Title

Relationships between the results of anorectal investigations and symptom severity in patients with faecal incontinence

Document Type

Journal Article

Publication Title

International Journal of Colorectal Disease

Publisher

Springer

School

Centre for Nursing, Midwifery and Health Services Research

Comments

Originally published as: Heitmann, P. T., Rabbitt, P., Schloithe, A., Patton, V., Skuza, P. P., Wattchow, D. A., & Dinning, P. G. (2019). Relationships between the results of anorectal investigations and symptom severity in patients with faecal incontinence.
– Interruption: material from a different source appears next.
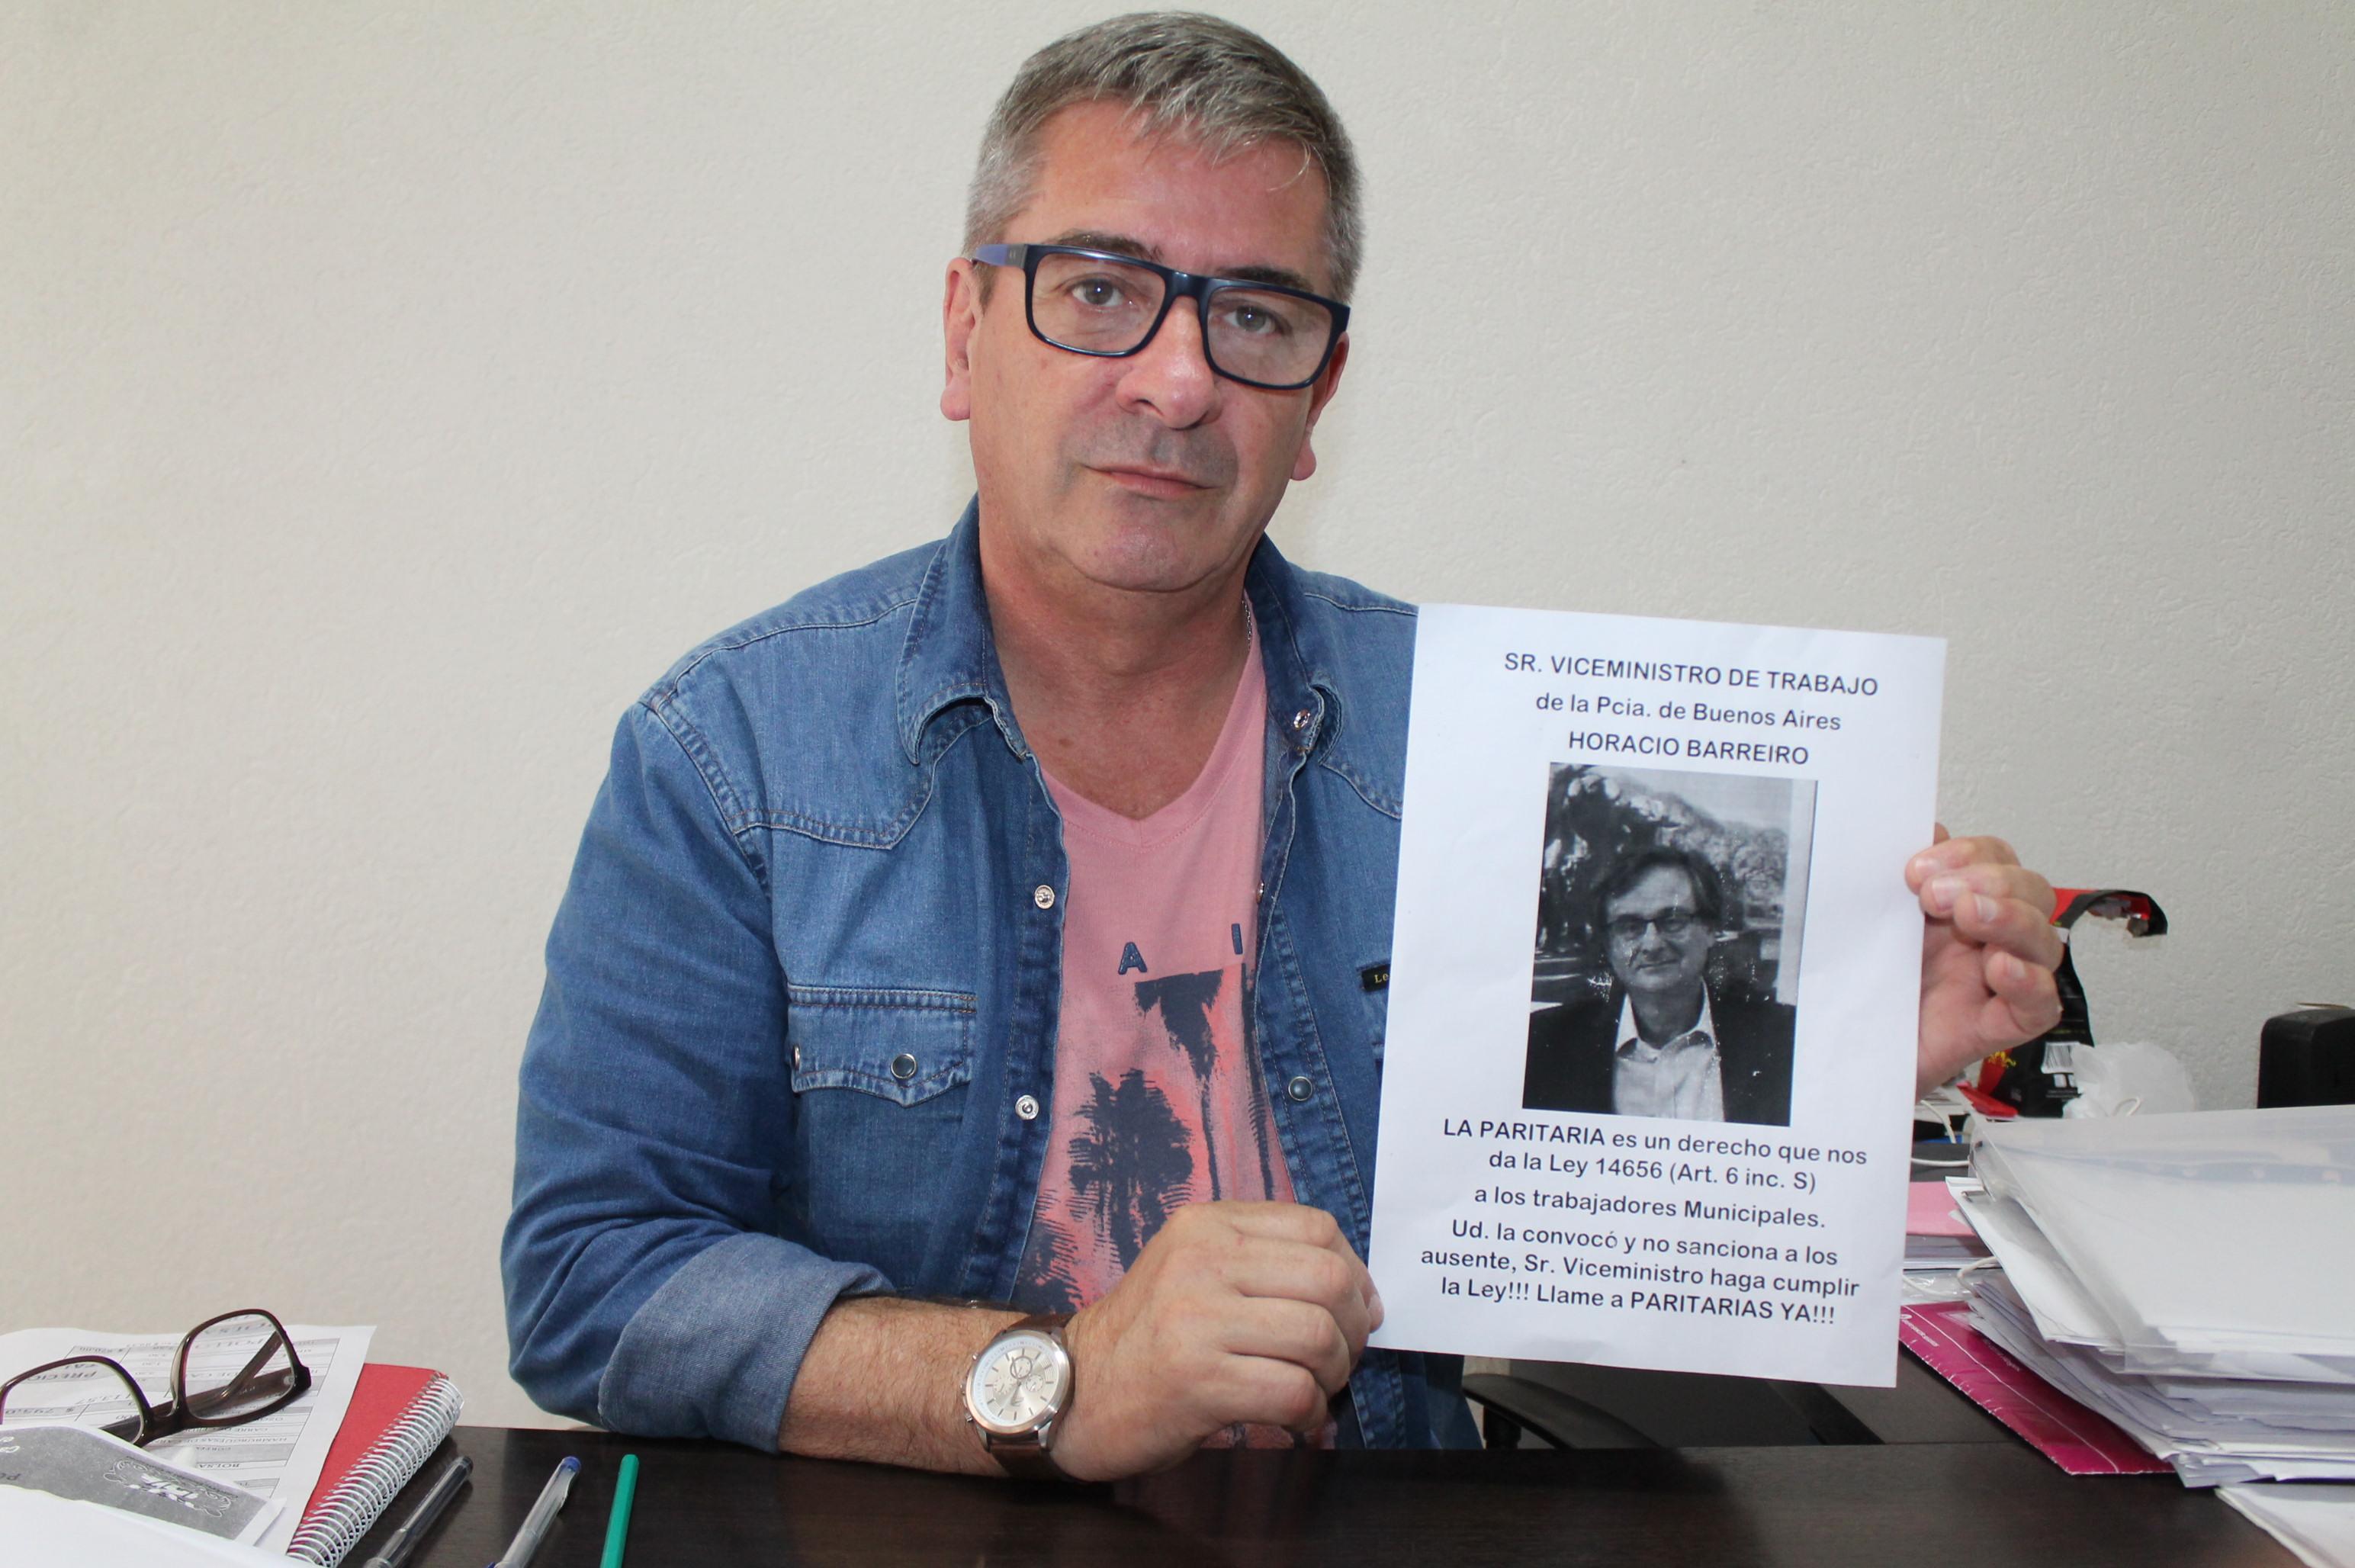 """Municipales de La Plata reclaman Paritarias: """"Confunden a la gente en medio de la crisis"""", dijo Hernández"""
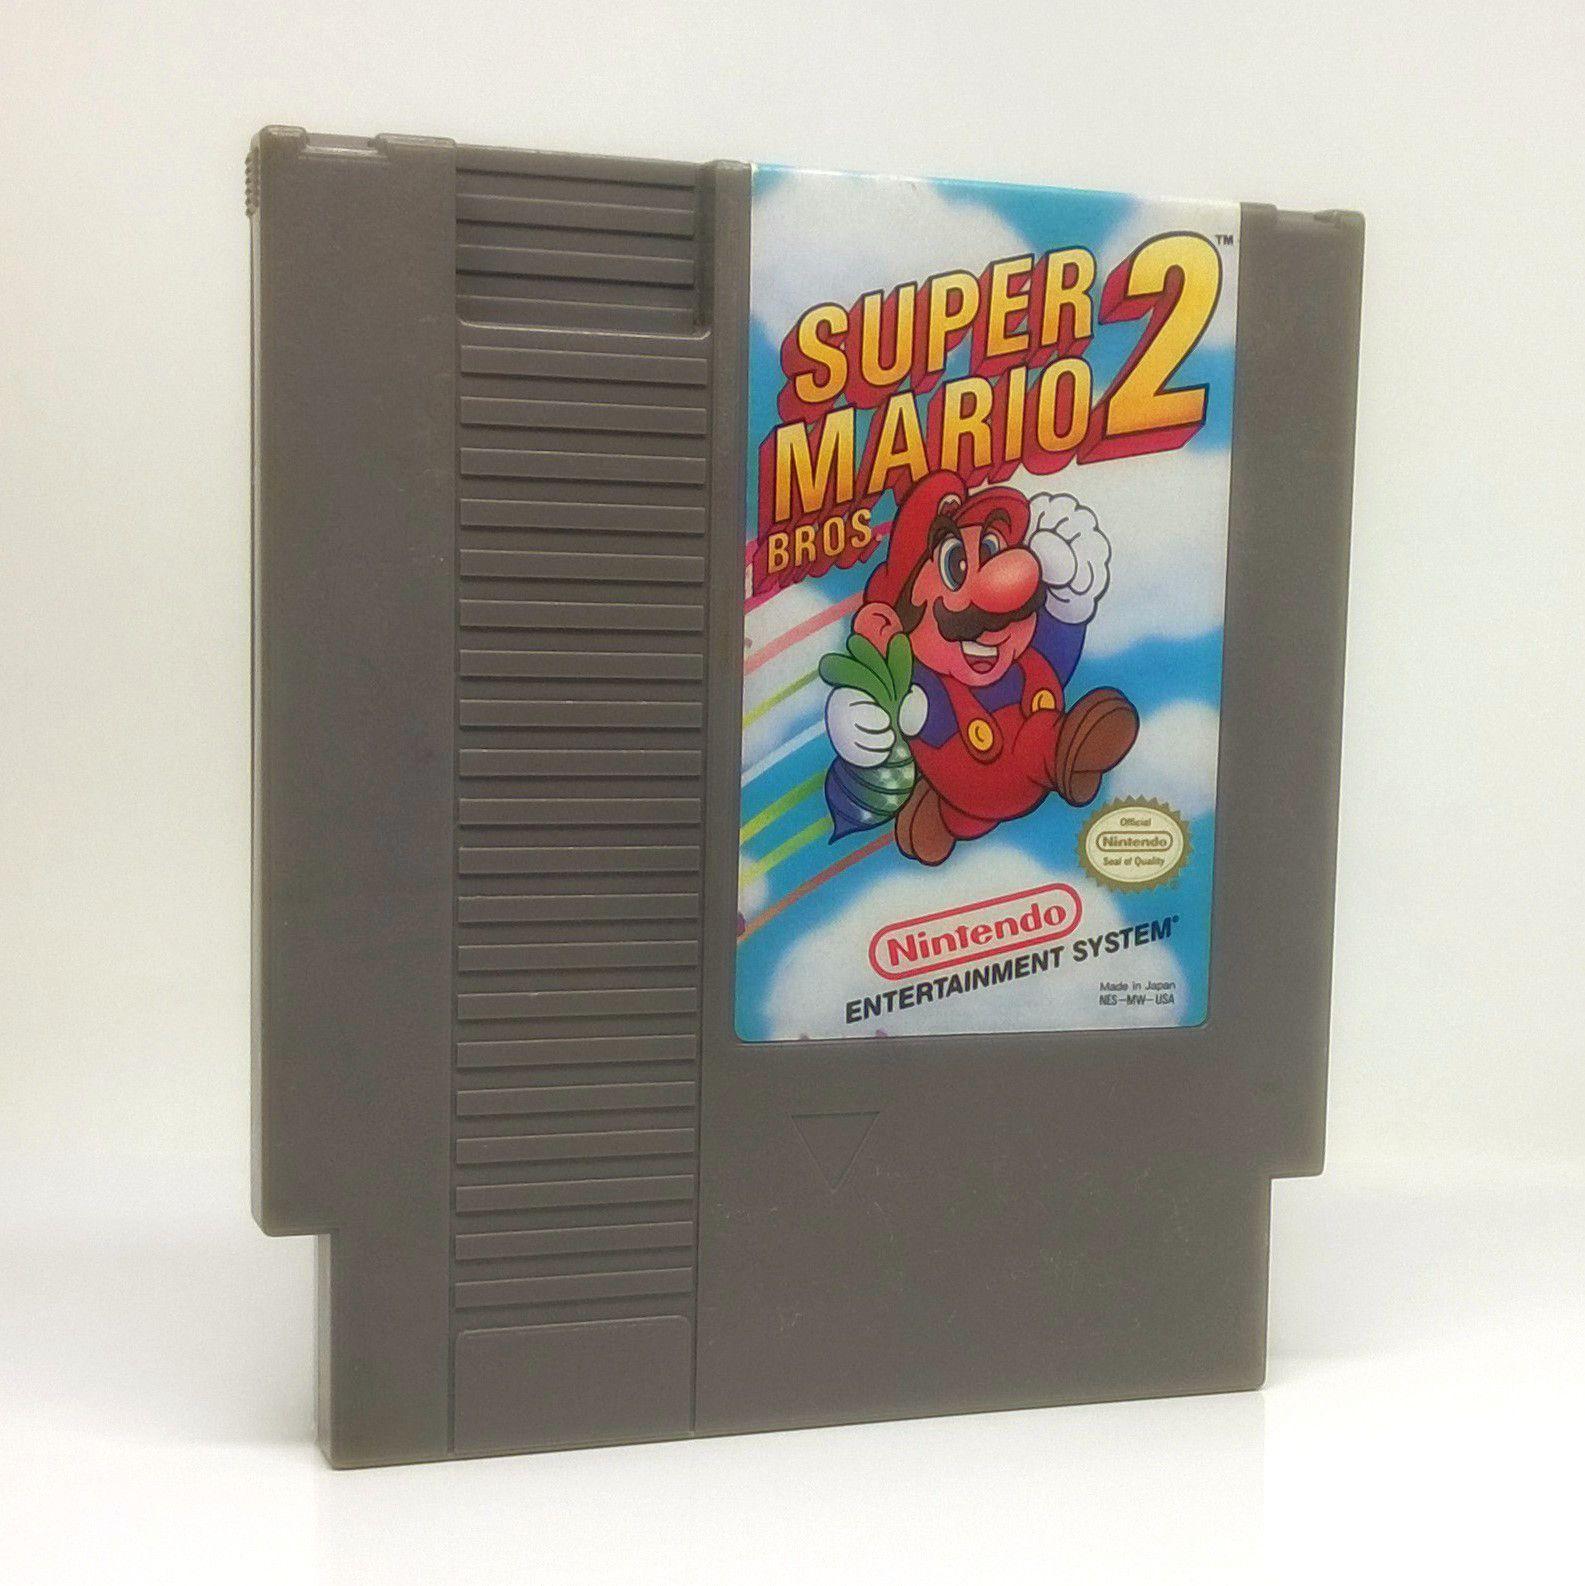 Super Mario Bros 2 Super Mario Bros Mario Bros Super Mario

International Journal of Colorectal Disease, 34(8), 1445-1454. Original publication available here

Abstract

Purpose

Anorectal dysfunction is the focus of diagnostic investigations for faecal incontinence. However, severity of incontinence and anorectal investigation results can be discordant. The aim of this study was to define the relationships between anorectal investigation results and incontinence severity to determine which measures, if any, were predictive of incontinence severity.

Methods

Patients presenting for investigation of faecal incontinence completed a symptom questionnaire, anorectal manometry, rectal sensation, pudendal nerve terminal motor latency, and endoanal ultrasound. Bivariate analyses were conducted between the Jorge-Wexner score and investigation results. Subgroup analyses were performed for gender and symptom subtypes (urge, passive, mixed). A multiple regression analysis was performed.

Results

Five hundred and thirty-eight patients were included. There were weak correlations between the Jorge-Wexner score and maximal squeeze pressure [r = − 0.24, 95%CI(− 0.31, − 0.16), p < 0.001], and resting pressure [r = − 0.18, (95%CI(− 0.26, − 0.10), p < 0.001]. In men only, there were significant associations between the Jorge-Wexner score and endoanal sonography [IAS defects: t(113) = − 2.26, p = 0.03, d = 0.58, 95%CI(− 4.38, − 0.29)] and rectal sensation (MTV: rs = − 0.24, 95%CI(− 0.41, − 0.06), p = 0.01). No substantial differences were observed in the urge/passive/mixed subgroup analyses. Multiple regression analysis included three variables: age (β = 0.02, p = 0.17), maximal resting pressure (β = − 0.01, p = 0.28), and maximal squeeze pressure (β = − 0.01, p < 0.01). The variance in the Jorge-Wexner score accounted for by this model was < 10%, (R2 = 0.07, p = < 0.01, adjusted R2 = 0.06).

Conclusion

Anorectal investigations cannot predict the severity of faecal incontinence. This may be due to limitations of diagnostic modalities, the heterogeneity of anorectal dysfunction in these patients, or contributing factors which are extrinsic to the anorectum.